Once an ADC drug reaches clinical trials, optimising the dose and treatment schedule can further improve ADC safety. Dose capping, fractionated administration and limiting treatment duration can generally reduce toxicity, while prophylaxis for patients at high risk can further mitigate adverse effects.
“BY INTEGRATING THIS APPROACH EARLY IN THE PROCESS, DRUG SPONSORS CAN DEMONSTRATE THAT THE RISK IS ANTICIPATED, UNDERSTOOD AND MANAGED, RATHER THAN BEING UNEXPECTED.”
NAVIGATING REGULATORY GUIDELINES
A careful and proactive approach to monitoring and mitigating ocular toxicity risks also aligns with global regulatory guidelines. By integrating this approach early in the process, drug sponsors can demonstrate that the risk is anticipated, understood and managed, rather than being unexpected. This means leveraging a preclinical pathway that explains a likely mechanism, linking it to a defined monitoring plan and specifying in advance how dose interruptions, reductions or discontinuations will be handled if toxicity occurs.

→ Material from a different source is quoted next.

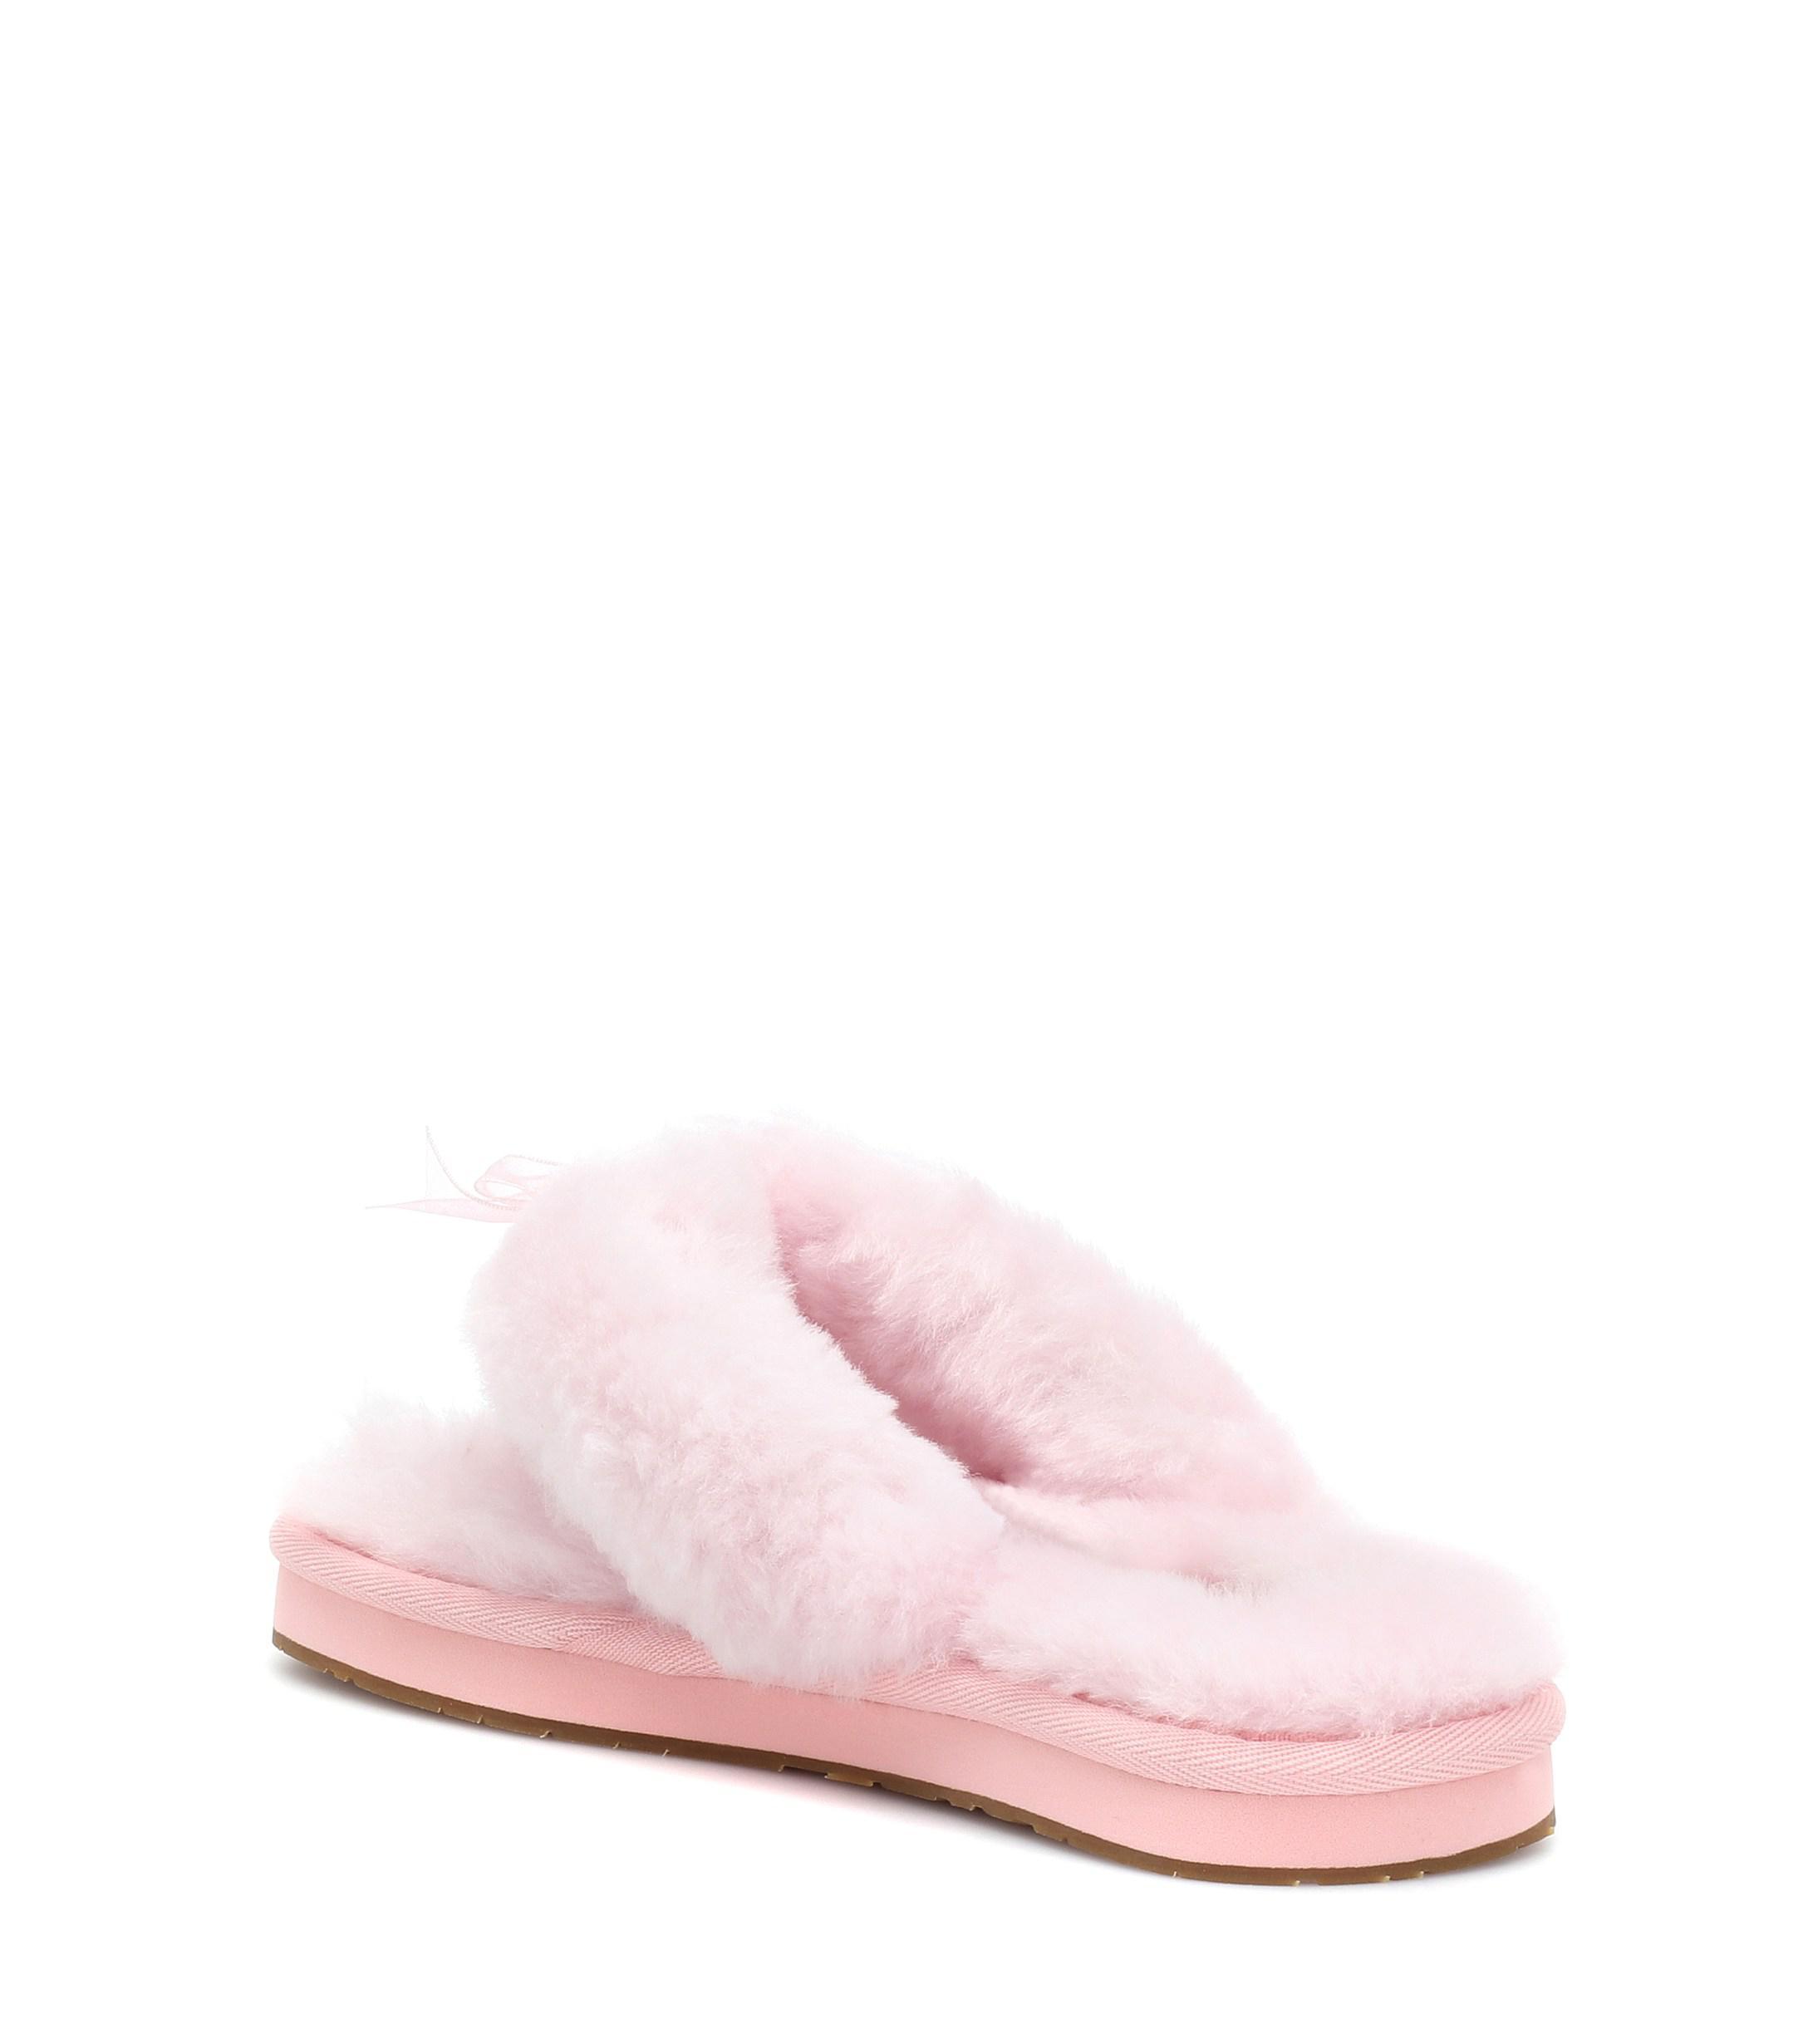 54c05b94b43 Lyst - UGG Fluff Flip Flop Iii Slippers in Pink

Starting early in trials, using established assessment tools, documenting mitigation measures and being transparent about severity and reversibility all help to build regulatory confidence. It is also crucial to align teams early on, ensuring that there is no miscommunication among those working on each stage of the regulatory process. Ultimately, regulators are not seeking to eliminate risk completely, they just want to ensure that it is predictable, measurable and controllable.
EFFECTIVE OCULAR ASSESSMENTS
Due to the high incidence of adverse effects, consistent monitoring is required at the clinical stage and beyond. Diagnosing ocular toxicity in ADCs involves a thorough cadence of clinical assessment, imaging and functional testing throughout the treatment period. Slit-lamp biomicroscopy is recommended to establish a baseline in a patient. This baseline should capture any pre-existing dry eye, corneal disease, cataracts, glaucoma and contact lens use, as these factors can confound disease grading and management.
Once in the clinic, a few key tests performed regularly are critical for the efficient and responsible monitoring of side effects and ocular toxicity. Fluorescein and lissamine green staining are used to identify corneal and conjunctival epithelial damage, and corneal confocal microscopy provides high-resolution imaging of microcysts and nerve alterations. Schirmer’s Test and tear breakup time can help to evaluate any ADC-induced dry eye. Finally, optical coherence tomography can detect changes in the corneal and retinal structure. Early diagnosis of ocular issues enables dose adjustments, temporary treatment interruptions and other strategies to manage ocular toxicity.
A FINAL WORD ON ADC-RELATED OCULAR TOXICITY
ADCs are one of the most popular drug modalities being developed in the world today. They hold considerable potential for treating cancers and could make a significant difference to countless lives. However, adverse effects – ocular toxicity in particular – may dampen their impact or cause avoidable issues that impact health and quality of life. Even when adverse effects are mild, they can derail treatments and reduce their effectiveness.
For the many sponsors working in this area, ocular safety should be considered at the forefront of the development process and should continue beyond the point at which drugs reach patients. This can ensure that ADCs are delivered to market in the most efficient and safe manner possible, while adhering to regulatory standards.
REFERENCES
- Wang R et al, “Antibody-Drug Conjugates (ADCs): current and future biopharmaceuticals”. J Hematol Oncol, 2025, Vol 18(1), art 51.
- Wu D et al, “Antibody-drug conjugates in cancer therapy: current advances and prospects for breakthroughs”. Front Cell Dev, 2025, Vol 13, art 1669592.
- Cheng Y et al, “Overview of antibody-drug conjugates nonclinical and clinical toxicities and related contributing factors”. Antibody Therapeutics, Vol 8(2), 2025, pp 124–144.